My thanks to Matthew d’Ancona for his excellent article differentiating patriotism from nationalism (“The Lionesses’ vision of England is worlds away from the Tories’ ugly variant”, TNE #353).
I read it on the same day the nationalist leader of a country with which we’re apparently about to do a landmark trade deal landed a spacecraft on the moon while tens of millions of his countryfolk live in abject poverty. Mind you, the UK is spending billions on a vanity project to marginally improve travel times while millions can’t afford to get from A to B, and makes nationalistic claims to be world-beating in most other areas while refusing to countenance the obvious steps to improve the lives of its citizens. So who are we to criticise…?
Phil Green
Brilliant article by Matthew d’Ancona, a must-read. Redefining patriotism is something Keir Starmer should do. Some on the left will roll their eyes, but I want to be proud of a forward-looking, multicultural country that understands its place and responsibilities in the modern world and can be critical of its past while also respecting it.
Lisa Walton
Heavy mob
In “The prosecutor’s dream” (TNE #354) Bonnie Greer links Donald Trump to the gangster Rico in Little Caesar. Judging by the size of Trump in recent photos, I would suggest that while he is still free to dine out he orders a little caesar salad rather than the triple cheeseburgers he’s evidently been gorging on between failed attempts to win back power.
Chris Brooks
PPE lesson
Thanks very much for the article about Michelle Mone and the yacht (“Stop this boat”, TNE #353). But what about other Tory-recommended suppliers and their PPE contracts?
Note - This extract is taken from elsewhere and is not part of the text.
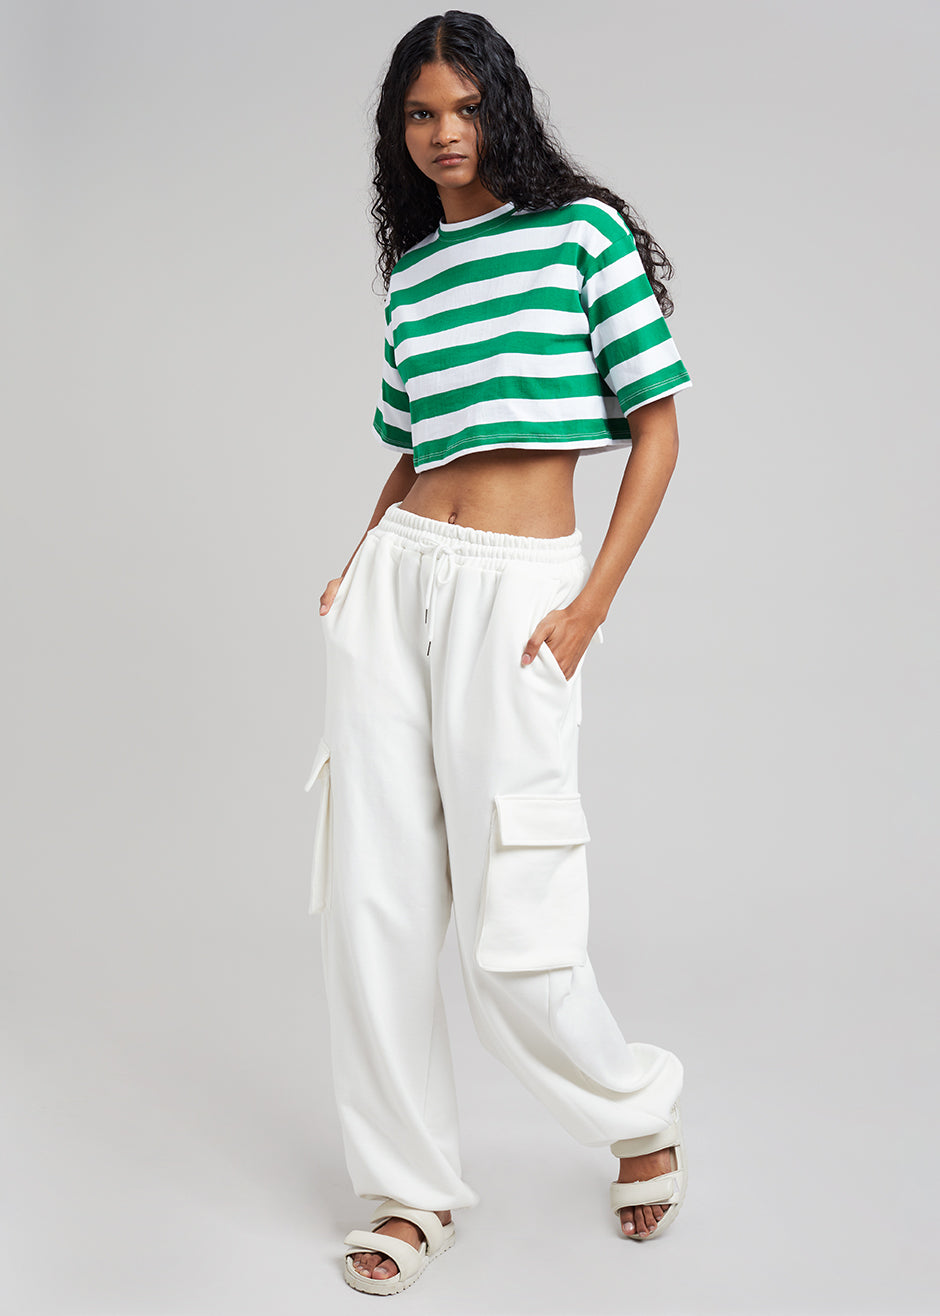 Karina Cropped T-Shirt - Green/White - 1

There’s enough material there for a six-month series with details of what was supplied, how much was duff and thrown away or resold in the third world; what they spent their windfalls on; how many have been ennobled etc. Don’t leave it all to Private Eye!
Mike Hodson
Sheffield, South Yorkshire
Good trip
May I confirm wholeheartedly Patience Wheatcroft’s analysis (“Brexit is killing off the school trip”, TNE #353) of the loss of cultural, linguistic and educational benefits of foreign exchanges? I became a teacher of French, largely because I had benefited from individual exchanges from the age of 12. I then took my first school trip to France in my first year of teaching. Every pupil gained an insight into the life of their French peers, and the whole culture.
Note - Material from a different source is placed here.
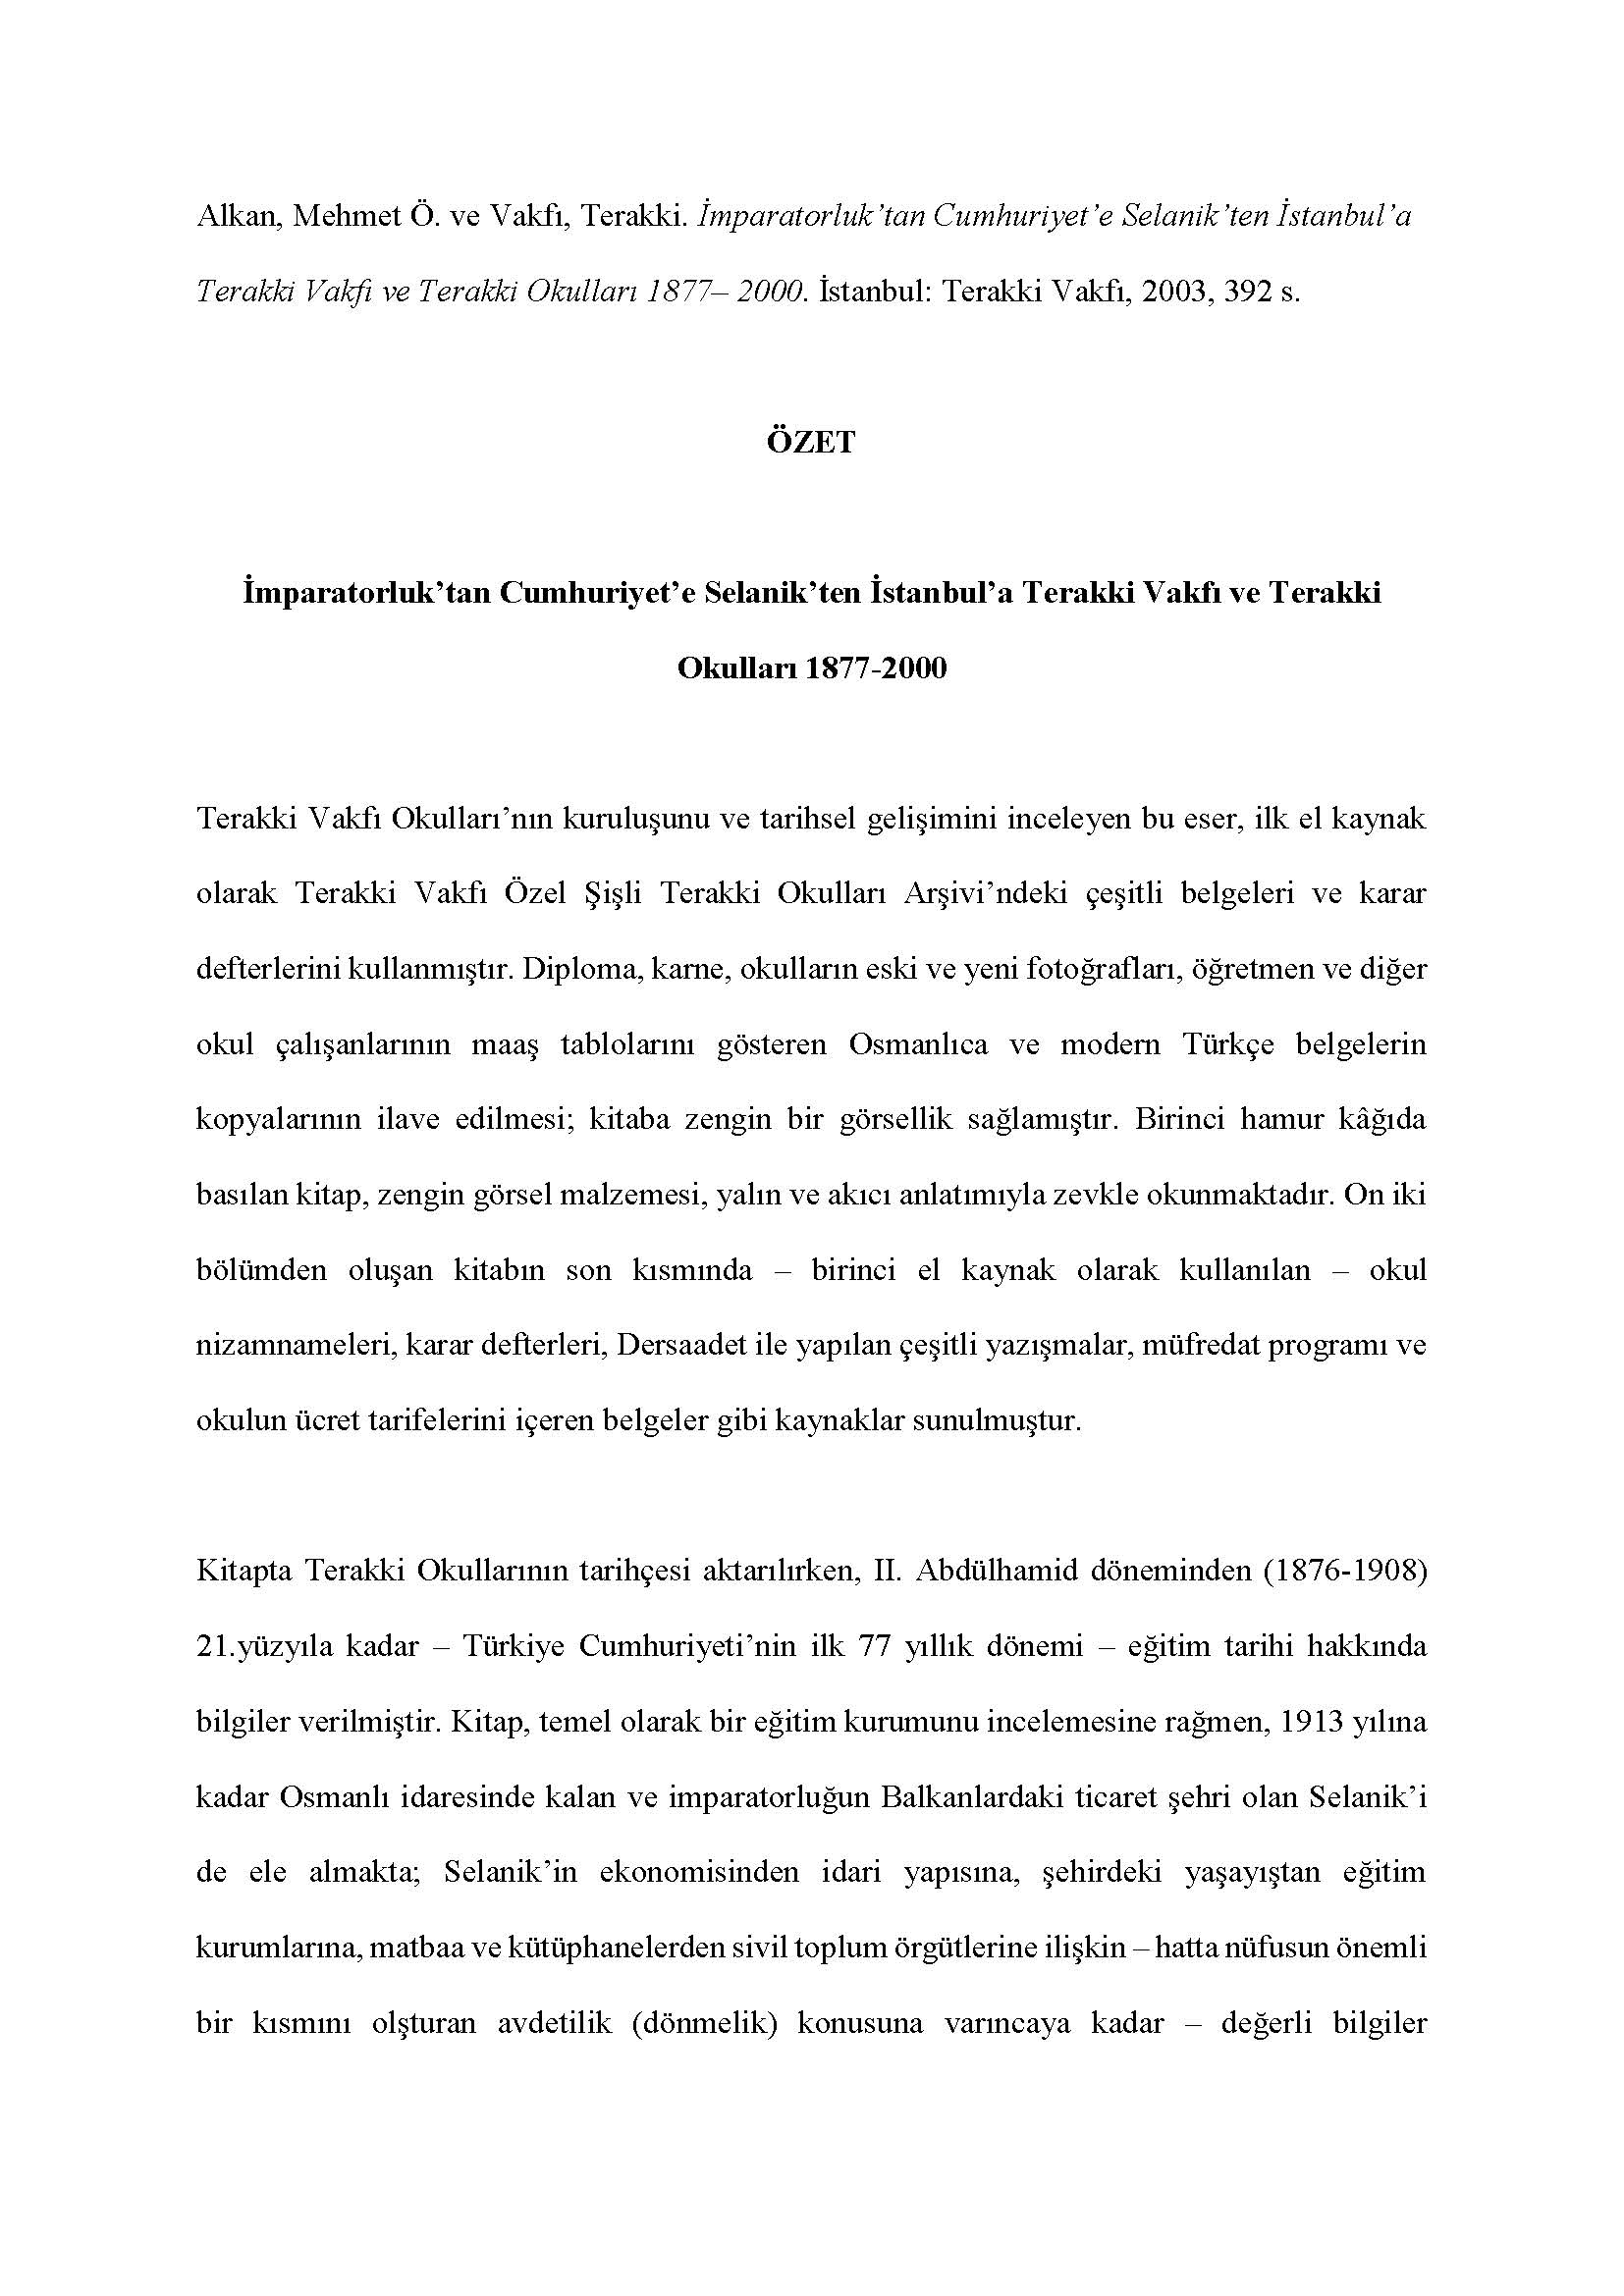  Terakki Vakfı - <div><br></div><div><div>Alkan, Mehmet Ö. ve Vakfı, Terakki. İmparatorluk’tan Cumhuriyet’e Selanik’ten İstanbul’a Terakki Vakfı ve Terakki Okulları 1877– 2000. İstanbul: Terakki Vakfı, 2003, 392 s.</div><div><br></div><div style="text-align: center; "><span style="font-weight: bold;">ÖZET</span></div><div style="text-align: center; "><span style="font-weight: bold;"><br></span></div><div style="text-align: center; "><span style="font-weight: bold;">İmparatorluk’tan Cumhuriyet’e Selanik’ten İstanbul’a Terakki Vakfı ve Terakki Okulları 1877-2000</span></div><div><br></div><div>Terakki Vakfı Okulları’nın kuruluşunu ve tarihsel gelişimini inceleyen bu eser, ilk el kaynak olarak Terakki Vakfı Özel Şişli Terakki Okulları Arşivi’ndeki çeşitli belgeleri ve karar defterlerini kullanmıştır. Diploma, karne, okulların eski ve yeni fotoğrafları, öğretmen ve diğer okul çalışanlarının maaş tablolarını gösteren Osmanlıca ve modern Türkçe belgelerin kopyalarının ilave edilmesi; kitaba zengin bir görsellik sağlamıştır. Birinci hamur kâğıda basılan kitap, zengin görsel malzemesi, yalın ve akıcı anlatımıyla zevkle okunmaktadır. On iki bölümden oluşan kitabın son kısmında – birinci el kaynak olarak kullanılan – okul nizamnameleri, karar defterleri, Dersaadet ile yapılan çeşitli yazışmalar, müfredat programı ve okulun ücret tarifelerini içeren belgeler gibi kaynaklar sunulmuştur.</div><div><br></div><div>Kitapta Terakki Okullarının tarihçesi aktarılırken, II. Abdülhamid döneminden (1876-1908) 21.yüzyıla kadar – Türkiye Cumhuriyeti’nin ilk 77 yıllık dönemi – eğitim tarihi hakkında bilgiler verilmiştir. Kitap, temel olarak bir eğitim kurumunu incelemesine rağmen, 1913 yılına kadar Osmanlı idaresinde kalan ve imparatorluğun Balkanlardaki ticaret şehri olan Selanik’i de ele almakta; Selanik’in ekonomisinden idari yapısına, şehirdeki yaşayıştan eğitim kurumlarına, matbaa ve kütüphanelerden sivil toplum örgütlerine ilişkin – hatta nüfusun önemli bir kısmını olşturan avdetilik (dönmelik) konusuna varıncaya kadar – değerli bilgiler vermektedir. Kitapta Osmanlı İmparatorluğu’ndaki kritik tarihsel olaylar, kronolojik olarak anlatılmıştır: Tanzimat (1839-1876), I. Abdülhamid Dönemi (1876-1908), Balkan Savaşları (1912-1913), II. Meşrutiyet Dönemi (1908-1918) ve I. Dünya Savaşı yıllarının olumsuz etkileri gibi.</div><div><br></div><div>Yazar, Osmanlı bürokratlarının çok etnik ve dinî yapılı Osmanlı toplumunda gayrimüslim ve Müslümanlar arasında ‘Osmanlı yurttaşı’ fikrini oluşturmak ve bu fikri topluma yaymak için çeşitli din ve mezheplerden öğrencilerin beraberce okuyacakları okullar açılması çabalarına değinmiştir. II. Abdülhamid döneminde eğitimde modernleşme hareketlerinin arttığını, ama aynı zamanda da eğitimin daha dinselleşmeye başladığını, kurulan okullardan örnekler vererek belirtmiştir.</div><div><br></div><div>Yazar, Tanzimat sonrası dönemde Osmanlı Devleti’nin – imparatorluğun tarihinde ilk defa – kamusal eğitimi üstlenip ilköğretimi zorunlu hâle getirdiğini, bütün cemaatlere açık okullar kurduğunu, kız öğrencileri eğitim sistemine dâhil ettiğini, Selanik gibi ticaretin yoğun olduğu şehirlerde sivil toplum örgütlerinin de okullar açmasına izin vererek değişen toplumsal gereksinimleri karşılamaya çalıştığına dair bir analizde bulunmuştur.</div><div><br></div><div>Yazar, bu okullar grubunun taşıdığı adın, okulun amacını çok açık bir şekilde ifade ettiğine dikkat çekerek ilk Terakki okulunun nasıl kurulduğunu ve nasıl geliştiğini ayrıntılı olarak aktarmıştır. İlerleme anlamına gelen ‘terakki’ kelimesinin okula ad olarak seçilmiş olması, yazara göre, okulun temel hedefinin Osmanlı Devleti’nin toplumsal gelişmeyi sağlama hedefiyle örtüştüğünün bir göstergesi olmaktadır.</div><div><br></div><div>Osmanlı modernleşme dönemi eğitim tarihini, Terakki Okulları penceresinden bakarak analiz eden bu kitap; Osmanlı eğitim tarihi hakkında akademik araştırma yapanların, aynı zamanda bu konuya ya da 19. yy. Balkan şehirlerine ilgi duyanların zevkle okuyarak faydalanabilecekleri temel bir kaynak niteliğindedir.</div><div><br></div><div>Feryal Tansuğ</div></div>

Brexit has accentuated the crash in exchanges and confirmed the fall in A-level language learning, the closure of modern foreign language departments, and thereby an inability to understand or cooperate with the culture of other nationalities.
However, Patience may have missed a further issue. For more than 10 years I attended the annual conference of a headteachers’ organisation in France. Only one colleague now maintains the school exchange; the rest no longer exchange with the UK, but rather go to Norway and Sweden to learn English.
Why? Simply because the red tape became so enormous, and French parents objected to the intrusive police checks merely to welcome the British pupil to their home.
The future of language learning, exchanges, and international cooperation is in our hands – sadly now it is ‘E’ for Effort, and ‘E’ for Achievement.
Mark J Philpot
Pantymwyn, Mold
Mother May
I applaud Theresa May for calling out her fellow Tories in her new book The Abuse of Power (Mandrake, TNE #353). May is about the age of retirement now, but I wouldn’t be surprised if she carries on and ultimately will be the Mother of the House after Harriet Harman is finished.
Sue Whitbread
Via Facebook
It’s good to see Theresa May putting the wind up her party. Her greatest service to the country, however, would be to categorically state that the Brexit she tried hard to soften is not working and will not work. What does she have to lose?
Ella Thornton
No benefit
How depressing to read your piece on Italy’s Citizens’ Income scheme (“The end of costly free money”, TNE #353), complete with anecdotal talking points that seemed to belong to a different kind of newspaper: lazy scroungers growing fat on government money and preventing your writer from being able to find an adequate gardener or cleaning lady.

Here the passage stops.